Now we need to store the results so that this transformation can be represented as a sparse matrix multiplication:
b = M.a
Where b is the recorded image (blurred) and a is the “perfect” signal. M being the sparse matrix where every pixel of a gives a limited number of contribution to b.
Each pixel in b is represented by one line in M and we store the indices of a of interest with the coefficients of the matrix. So if a pixel i,j contributes to (i,j), (i+1,j), (i+1,j+1), there are only 3 elements in the line. This is advantageous for storage.
We will use the CSR sparse matrix representation: https://en.wikipedia.org/wiki/Sparse_matrix#Compressed_sparse_row_.28CSR.2C_CRS_or_Yale_format.29 where there are 3 arrays: * data: containing the actual non zero values * indices: for a given line, it contains the column number of the associated data (at the same indice) * idptr: this array contains the index of the start of every line.
[8]:
from numba.experimental import jitclass
from numba import int8, int32, int64, float32, float64
spec = [
("vox", float64),
("voy", float64),
("voz", float64),
("mu", float64),
("dist", float64),
("poni1", float64),
("poni2", float64),
("width", int64),
("height", int64),
("mask", int8[:, :]),
("sampled", int64),
("data", float32[:]),
("indices", int32[:]),
("idptr", int32[:]),
]
@jitclass(spec)
class ThickDetector(object):
"Calculate the point spread function as function of the geometry of the experiment"
def __init__(self, vox, voy, thickness, mask, mu, dist, poni1, poni2):
"""Constructor of the class:
:param vox, voy: detector pixel size in the plane
:param thickness: thickness of the sensor in meters
:param mask:
:param mu: absorption coefficient of the sensor material
:param dist: sample detector distance as defined in the geometry-file
:param poni1, poni2: coordinates of the PONI as defined in the geometry
"""
self.vox = vox
self.voy = voy
self.voz = thickness
self.mu = mu
self.dist = dist
self.poni1 = poni1
self.poni2 = poni2
self.width = mask.shape[-1]
self.height = mask.shape[0]
self.mask = mask
self.sampled = 0
self.data = numpy.zeros(BLOCK_SIZE, dtype=numpy.float32)

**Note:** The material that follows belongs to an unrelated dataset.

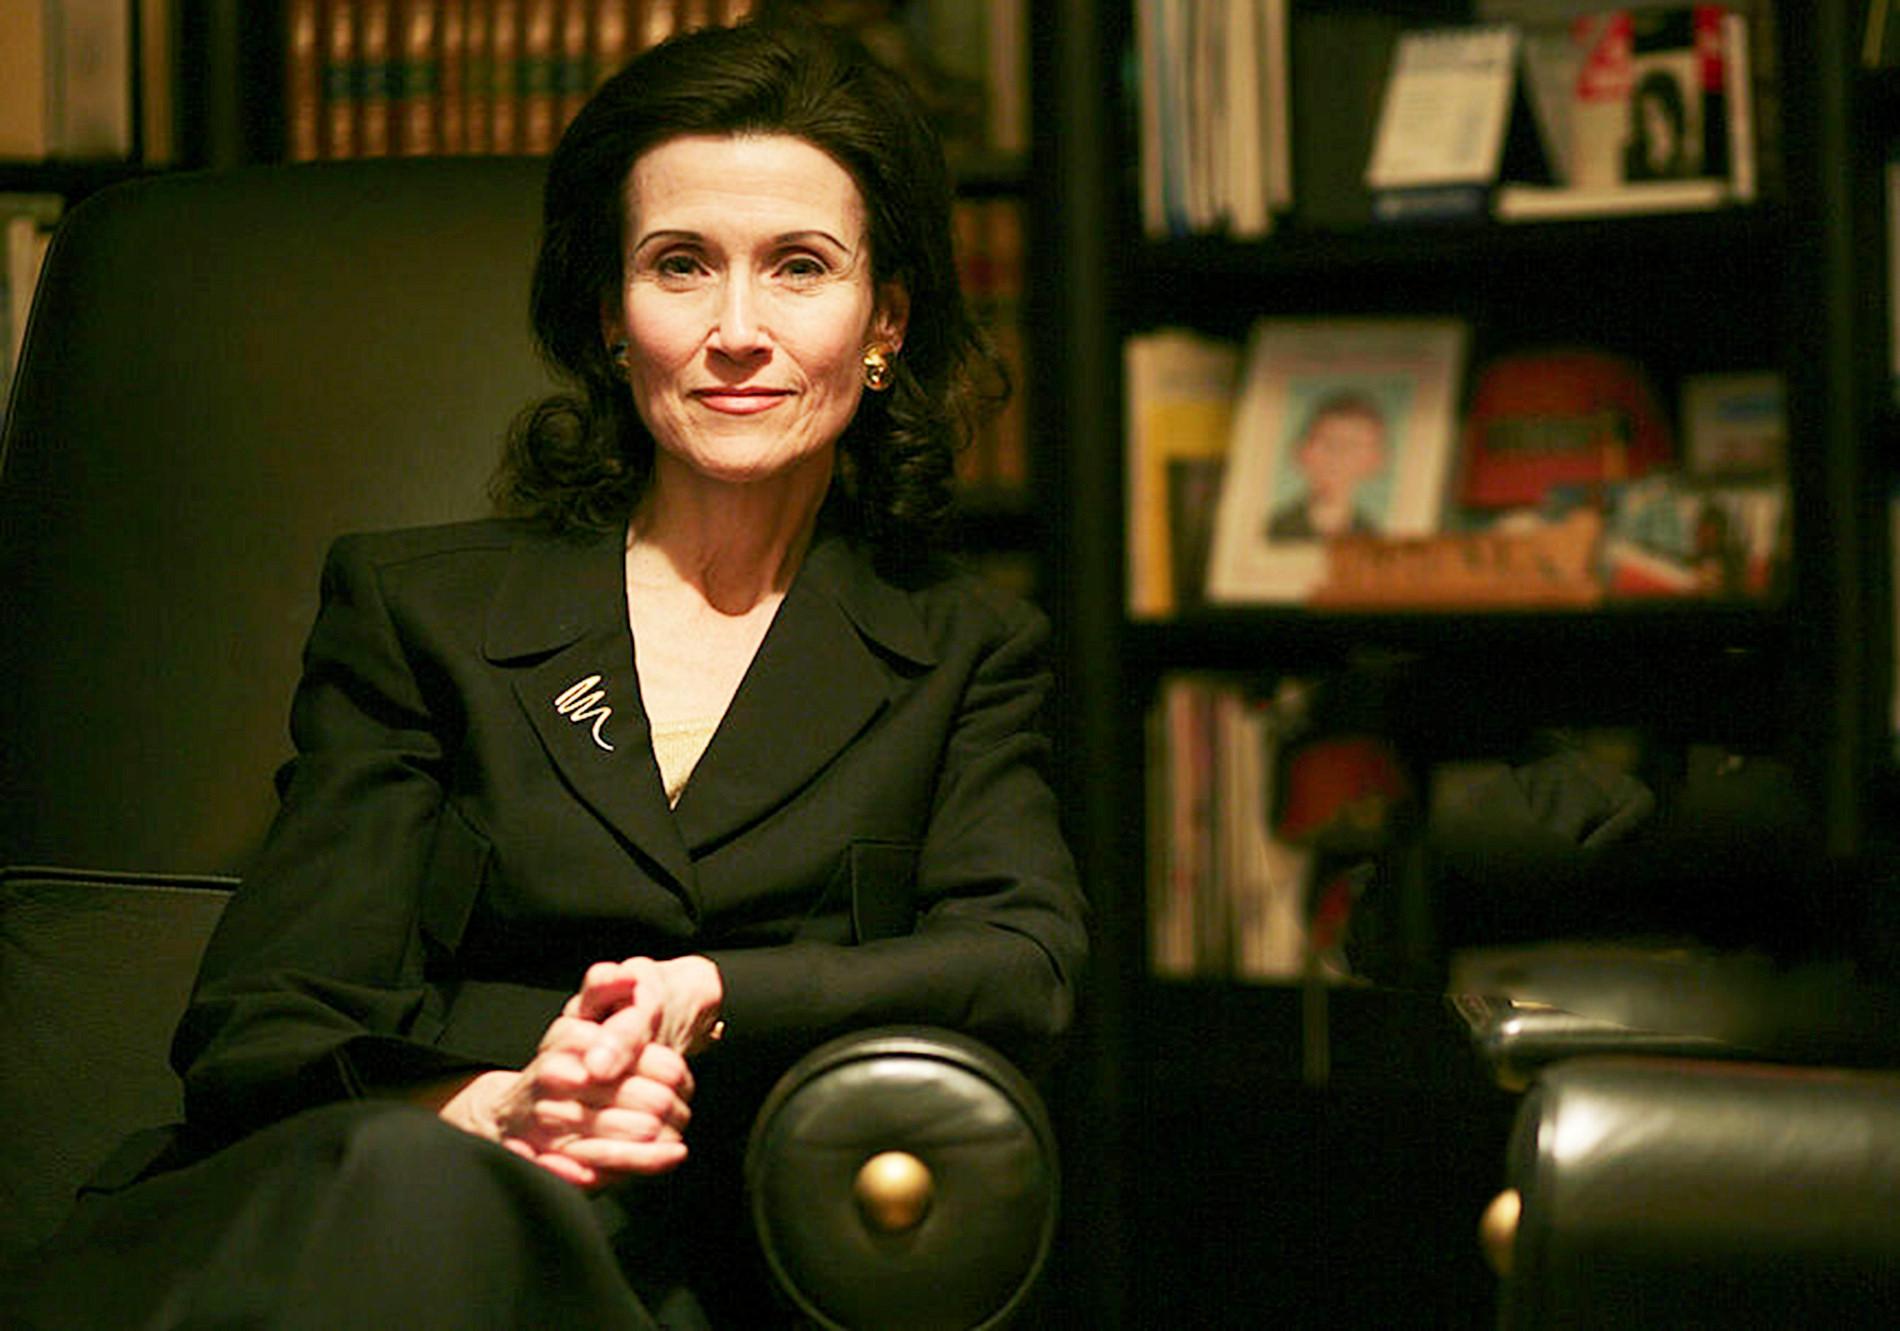 ... thông minh nhất thế giới trong 5 năm liên tiếp. Marilyn vos Savant (IQ  190) sinh năm 1946, là nhà báo, tác

self.indices = numpy.zeros(BLOCK_SIZE, dtype=numpy.int32)
self.idptr = numpy.zeros(self.width * self.height + 1, dtype=numpy.int32)
def calc_one_ray(self, entx, enty):
"""For a ray entering at position (entx, enty), with a propagation vector (kx, ky,kz),
calculate the length spent in every voxel where energy is deposited from a bunch of photons entering the detector
at a given position and and how much energy they deposit in each voxel.
Direct implementation of http://citeseerx.ist.psu.edu/viewdoc/download?doi=10.1.1.42.3443&rep=rep1&type=pdf
:param entx, enty: coordinate of the entry point in meter (2 components, x,y)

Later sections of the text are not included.